(What to work on) The output is the lines below from the one with "Un anuncio de" through the one with "Forsyth Herald April", both included, printed exactly and with no other line.

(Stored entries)
********

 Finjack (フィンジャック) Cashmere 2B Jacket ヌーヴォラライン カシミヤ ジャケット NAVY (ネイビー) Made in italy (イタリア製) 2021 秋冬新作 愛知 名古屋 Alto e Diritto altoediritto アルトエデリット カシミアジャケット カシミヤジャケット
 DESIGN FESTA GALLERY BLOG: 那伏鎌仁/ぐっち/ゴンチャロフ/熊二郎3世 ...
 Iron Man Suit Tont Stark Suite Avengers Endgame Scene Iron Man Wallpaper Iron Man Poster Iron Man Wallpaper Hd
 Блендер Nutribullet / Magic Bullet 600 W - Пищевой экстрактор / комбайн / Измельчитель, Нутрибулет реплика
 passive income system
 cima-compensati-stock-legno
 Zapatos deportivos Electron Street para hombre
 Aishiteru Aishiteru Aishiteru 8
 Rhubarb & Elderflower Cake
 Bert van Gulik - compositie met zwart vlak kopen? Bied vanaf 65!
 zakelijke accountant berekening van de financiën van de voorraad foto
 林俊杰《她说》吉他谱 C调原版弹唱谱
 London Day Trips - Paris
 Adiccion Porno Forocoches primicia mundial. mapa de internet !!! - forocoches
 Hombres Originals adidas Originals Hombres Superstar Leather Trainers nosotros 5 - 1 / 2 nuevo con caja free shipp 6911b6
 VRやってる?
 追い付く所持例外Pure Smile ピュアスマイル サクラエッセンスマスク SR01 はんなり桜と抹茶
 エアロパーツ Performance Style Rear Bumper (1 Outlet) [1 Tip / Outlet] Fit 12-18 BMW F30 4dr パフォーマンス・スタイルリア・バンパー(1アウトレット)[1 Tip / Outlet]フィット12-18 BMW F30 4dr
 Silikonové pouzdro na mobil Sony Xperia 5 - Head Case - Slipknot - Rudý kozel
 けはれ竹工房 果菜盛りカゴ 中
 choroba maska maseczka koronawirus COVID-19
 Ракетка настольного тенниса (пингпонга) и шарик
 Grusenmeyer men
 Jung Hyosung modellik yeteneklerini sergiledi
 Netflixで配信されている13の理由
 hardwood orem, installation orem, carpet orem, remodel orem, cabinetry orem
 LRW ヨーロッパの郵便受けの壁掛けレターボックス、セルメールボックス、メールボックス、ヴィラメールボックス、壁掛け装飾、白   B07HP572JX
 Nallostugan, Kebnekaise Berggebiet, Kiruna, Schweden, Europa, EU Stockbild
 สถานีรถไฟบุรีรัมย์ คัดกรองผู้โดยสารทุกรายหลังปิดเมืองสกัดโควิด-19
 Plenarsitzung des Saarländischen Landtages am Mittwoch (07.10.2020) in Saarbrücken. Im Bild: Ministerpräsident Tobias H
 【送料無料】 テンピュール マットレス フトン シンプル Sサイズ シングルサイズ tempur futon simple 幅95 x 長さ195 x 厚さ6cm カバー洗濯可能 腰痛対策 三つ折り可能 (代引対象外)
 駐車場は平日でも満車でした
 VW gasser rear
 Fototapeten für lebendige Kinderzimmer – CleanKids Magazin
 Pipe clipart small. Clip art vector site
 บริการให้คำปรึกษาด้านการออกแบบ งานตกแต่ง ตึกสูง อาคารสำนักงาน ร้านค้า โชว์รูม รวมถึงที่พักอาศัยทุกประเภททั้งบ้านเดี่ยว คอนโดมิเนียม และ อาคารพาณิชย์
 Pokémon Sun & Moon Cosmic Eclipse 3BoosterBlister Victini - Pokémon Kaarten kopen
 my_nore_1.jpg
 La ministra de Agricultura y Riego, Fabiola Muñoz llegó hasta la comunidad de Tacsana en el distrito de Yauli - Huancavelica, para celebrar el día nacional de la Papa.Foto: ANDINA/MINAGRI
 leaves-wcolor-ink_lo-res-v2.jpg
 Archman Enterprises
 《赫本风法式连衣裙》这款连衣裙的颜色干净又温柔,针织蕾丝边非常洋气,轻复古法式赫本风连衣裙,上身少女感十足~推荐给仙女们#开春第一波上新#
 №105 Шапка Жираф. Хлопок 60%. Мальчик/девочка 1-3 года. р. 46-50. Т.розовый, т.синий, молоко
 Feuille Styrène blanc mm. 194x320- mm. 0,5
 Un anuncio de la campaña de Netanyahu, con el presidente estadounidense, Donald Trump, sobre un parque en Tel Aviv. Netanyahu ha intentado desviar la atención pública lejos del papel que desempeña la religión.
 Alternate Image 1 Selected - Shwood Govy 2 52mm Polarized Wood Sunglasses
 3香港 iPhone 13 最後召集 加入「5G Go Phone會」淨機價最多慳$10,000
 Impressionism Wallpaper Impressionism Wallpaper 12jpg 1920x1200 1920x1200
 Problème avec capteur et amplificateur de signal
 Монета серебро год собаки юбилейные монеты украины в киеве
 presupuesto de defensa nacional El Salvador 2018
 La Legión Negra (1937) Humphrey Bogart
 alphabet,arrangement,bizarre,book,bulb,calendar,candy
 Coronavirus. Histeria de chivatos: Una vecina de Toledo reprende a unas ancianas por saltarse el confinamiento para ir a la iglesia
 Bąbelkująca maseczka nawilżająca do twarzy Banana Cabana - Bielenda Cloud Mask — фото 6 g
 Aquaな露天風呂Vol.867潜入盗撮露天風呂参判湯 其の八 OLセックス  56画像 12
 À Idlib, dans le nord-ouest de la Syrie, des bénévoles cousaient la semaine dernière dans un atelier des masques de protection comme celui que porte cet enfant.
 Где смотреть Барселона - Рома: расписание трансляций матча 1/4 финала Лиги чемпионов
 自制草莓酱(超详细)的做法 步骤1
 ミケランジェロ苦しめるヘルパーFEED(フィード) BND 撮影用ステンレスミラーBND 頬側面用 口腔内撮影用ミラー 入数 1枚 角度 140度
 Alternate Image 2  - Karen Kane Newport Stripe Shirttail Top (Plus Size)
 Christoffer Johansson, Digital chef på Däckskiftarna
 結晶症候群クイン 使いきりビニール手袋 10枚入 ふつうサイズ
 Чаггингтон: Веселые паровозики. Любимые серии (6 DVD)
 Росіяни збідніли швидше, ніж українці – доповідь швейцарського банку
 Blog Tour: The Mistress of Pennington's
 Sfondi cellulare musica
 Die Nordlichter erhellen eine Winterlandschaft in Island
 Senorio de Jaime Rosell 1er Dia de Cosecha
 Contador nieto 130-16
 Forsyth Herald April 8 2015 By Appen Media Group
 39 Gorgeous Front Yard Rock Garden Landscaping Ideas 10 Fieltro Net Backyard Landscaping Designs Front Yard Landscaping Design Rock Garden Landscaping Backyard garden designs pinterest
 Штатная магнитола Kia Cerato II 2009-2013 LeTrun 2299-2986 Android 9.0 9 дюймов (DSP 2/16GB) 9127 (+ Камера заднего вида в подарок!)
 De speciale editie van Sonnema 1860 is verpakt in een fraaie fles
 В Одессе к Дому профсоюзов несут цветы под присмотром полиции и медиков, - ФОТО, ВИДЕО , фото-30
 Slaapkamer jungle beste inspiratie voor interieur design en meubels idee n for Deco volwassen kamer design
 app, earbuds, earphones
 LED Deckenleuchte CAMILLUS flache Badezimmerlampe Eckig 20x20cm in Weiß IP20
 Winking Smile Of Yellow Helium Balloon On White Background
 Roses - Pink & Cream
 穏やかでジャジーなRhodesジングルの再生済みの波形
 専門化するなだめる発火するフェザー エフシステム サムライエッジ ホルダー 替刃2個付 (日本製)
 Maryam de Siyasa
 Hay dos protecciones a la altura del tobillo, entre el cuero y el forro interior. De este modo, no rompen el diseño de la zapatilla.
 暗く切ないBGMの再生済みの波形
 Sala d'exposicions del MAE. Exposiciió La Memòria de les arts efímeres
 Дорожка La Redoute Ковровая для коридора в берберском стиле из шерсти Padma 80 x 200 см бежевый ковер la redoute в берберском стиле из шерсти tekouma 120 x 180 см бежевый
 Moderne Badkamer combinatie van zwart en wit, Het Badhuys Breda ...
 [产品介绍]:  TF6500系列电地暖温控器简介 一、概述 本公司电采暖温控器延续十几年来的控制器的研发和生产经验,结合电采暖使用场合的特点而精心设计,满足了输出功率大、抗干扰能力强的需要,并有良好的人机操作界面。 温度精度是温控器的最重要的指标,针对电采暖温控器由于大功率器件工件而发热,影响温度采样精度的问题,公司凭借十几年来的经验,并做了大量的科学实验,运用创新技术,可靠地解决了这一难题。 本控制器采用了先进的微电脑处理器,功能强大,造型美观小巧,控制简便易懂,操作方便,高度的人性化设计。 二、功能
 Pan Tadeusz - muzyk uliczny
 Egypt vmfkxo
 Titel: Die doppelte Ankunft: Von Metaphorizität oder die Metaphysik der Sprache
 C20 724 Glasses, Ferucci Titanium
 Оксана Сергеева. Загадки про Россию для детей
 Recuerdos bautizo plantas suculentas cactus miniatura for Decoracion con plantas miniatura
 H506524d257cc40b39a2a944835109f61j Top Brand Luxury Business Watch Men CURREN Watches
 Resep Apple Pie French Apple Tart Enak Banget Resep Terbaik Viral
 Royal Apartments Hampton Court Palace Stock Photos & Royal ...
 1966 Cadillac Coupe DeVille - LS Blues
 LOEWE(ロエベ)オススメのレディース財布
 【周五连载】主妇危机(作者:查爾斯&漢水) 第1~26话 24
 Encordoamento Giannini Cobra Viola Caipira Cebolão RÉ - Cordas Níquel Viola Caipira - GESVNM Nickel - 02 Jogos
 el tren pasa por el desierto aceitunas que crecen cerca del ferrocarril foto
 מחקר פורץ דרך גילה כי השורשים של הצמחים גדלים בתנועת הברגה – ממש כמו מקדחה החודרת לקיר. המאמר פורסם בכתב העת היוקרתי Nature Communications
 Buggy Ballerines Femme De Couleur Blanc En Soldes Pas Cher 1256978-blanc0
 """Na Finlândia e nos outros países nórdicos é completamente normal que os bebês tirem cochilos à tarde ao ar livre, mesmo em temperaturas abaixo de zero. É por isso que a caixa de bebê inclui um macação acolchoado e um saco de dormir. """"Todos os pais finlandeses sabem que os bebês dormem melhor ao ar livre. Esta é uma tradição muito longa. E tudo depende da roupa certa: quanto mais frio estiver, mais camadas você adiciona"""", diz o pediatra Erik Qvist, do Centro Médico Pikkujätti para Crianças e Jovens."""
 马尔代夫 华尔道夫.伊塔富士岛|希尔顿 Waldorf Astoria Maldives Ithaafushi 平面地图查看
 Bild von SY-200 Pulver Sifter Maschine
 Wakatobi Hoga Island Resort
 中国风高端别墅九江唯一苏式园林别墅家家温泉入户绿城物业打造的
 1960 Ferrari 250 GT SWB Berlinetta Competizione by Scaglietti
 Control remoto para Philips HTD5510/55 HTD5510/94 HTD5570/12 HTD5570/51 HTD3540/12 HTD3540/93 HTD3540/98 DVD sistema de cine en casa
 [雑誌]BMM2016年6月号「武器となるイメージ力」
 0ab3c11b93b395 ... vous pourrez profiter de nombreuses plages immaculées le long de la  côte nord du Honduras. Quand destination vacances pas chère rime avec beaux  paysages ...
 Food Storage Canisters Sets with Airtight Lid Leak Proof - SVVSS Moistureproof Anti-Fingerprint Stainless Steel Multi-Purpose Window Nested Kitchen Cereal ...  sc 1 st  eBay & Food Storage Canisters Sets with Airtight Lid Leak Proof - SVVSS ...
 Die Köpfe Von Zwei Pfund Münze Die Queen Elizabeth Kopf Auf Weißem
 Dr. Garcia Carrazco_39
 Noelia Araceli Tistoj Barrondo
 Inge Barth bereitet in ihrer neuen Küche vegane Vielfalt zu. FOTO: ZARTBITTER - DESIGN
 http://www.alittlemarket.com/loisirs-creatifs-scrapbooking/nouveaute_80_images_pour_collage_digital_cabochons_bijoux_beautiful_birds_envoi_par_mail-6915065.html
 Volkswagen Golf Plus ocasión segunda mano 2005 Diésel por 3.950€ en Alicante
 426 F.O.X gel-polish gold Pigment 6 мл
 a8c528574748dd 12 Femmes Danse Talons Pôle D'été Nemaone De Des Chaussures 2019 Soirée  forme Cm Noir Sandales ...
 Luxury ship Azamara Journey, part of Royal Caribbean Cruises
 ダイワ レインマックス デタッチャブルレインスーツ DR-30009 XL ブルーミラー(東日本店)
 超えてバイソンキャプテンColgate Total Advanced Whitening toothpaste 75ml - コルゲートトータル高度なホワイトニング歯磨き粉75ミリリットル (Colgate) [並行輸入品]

********

(Your response)
 Un anuncio de la campaña de Netanyahu, con el presidente estadounidense, Donald Trump, sobre un parque en Tel Aviv. Netanyahu ha intentado desviar la atención pública lejos del papel que desempeña la religión.
 Alternate Image 1 Selected - Shwood Govy 2 52mm Polarized Wood Sunglasses
 3香港 iPhone 13 最後召集 加入「5G Go Phone會」淨機價最多慳$10,000
 Impressionism Wallpaper Impressionism Wallpaper 12jpg 1920x1200 1920x1200
 Problème avec capteur et amplificateur de signal
 Монета серебро год собаки юбилейные монеты украины в киеве
 presupuesto de defensa nacional El Salvador 2018
 La Legión Negra (1937) Humphrey Bogart
 alphabet,arrangement,bizarre,book,bulb,calendar,candy
 Coronavirus. Histeria de chivatos: Una vecina de Toledo reprende a unas ancianas por saltarse el confinamiento para ir a la iglesia
 Bąbelkująca maseczka nawilżająca do twarzy Banana Cabana - Bielenda Cloud Mask — фото 6 g
 Aquaな露天風呂Vol.867潜入盗撮露天風呂参判湯 其の八 OLセックス  56画像 12
 À Idlib, dans le nord-ouest de la Syrie, des bénévoles cousaient la semaine dernière dans un atelier des masques de protection comme celui que porte cet enfant.
 Где смотреть Барселона - Рома: расписание трансляций матча 1/4 финала Лиги чемпионов
 自制草莓酱(超详细)的做法 步骤1
 ミケランジェロ苦しめるヘルパーFEED(フィード) BND 撮影用ステンレスミラーBND 頬側面用 口腔内撮影用ミラー 入数 1枚 角度 140度
 Alternate Image 2  - Karen Kane Newport Stripe Shirttail Top (Plus Size)
 Christoffer Johansson, Digital chef på Däckskiftarna
 結晶症候群クイン 使いきりビニール手袋 10枚入 ふつうサイズ
 Чаггингтон: Веселые паровозики. Любимые серии (6 DVD)
 Росіяни збідніли швидше, ніж українці – доповідь швейцарського банку
 Blog Tour: The Mistress of Pennington's
 Sfondi cellulare musica
 Die Nordlichter erhellen eine Winterlandschaft in Island
 Senorio de Jaime Rosell 1er Dia de Cosecha
 Contador nieto 130-16
 Forsyth Herald April 8 2015 By Appen Media Group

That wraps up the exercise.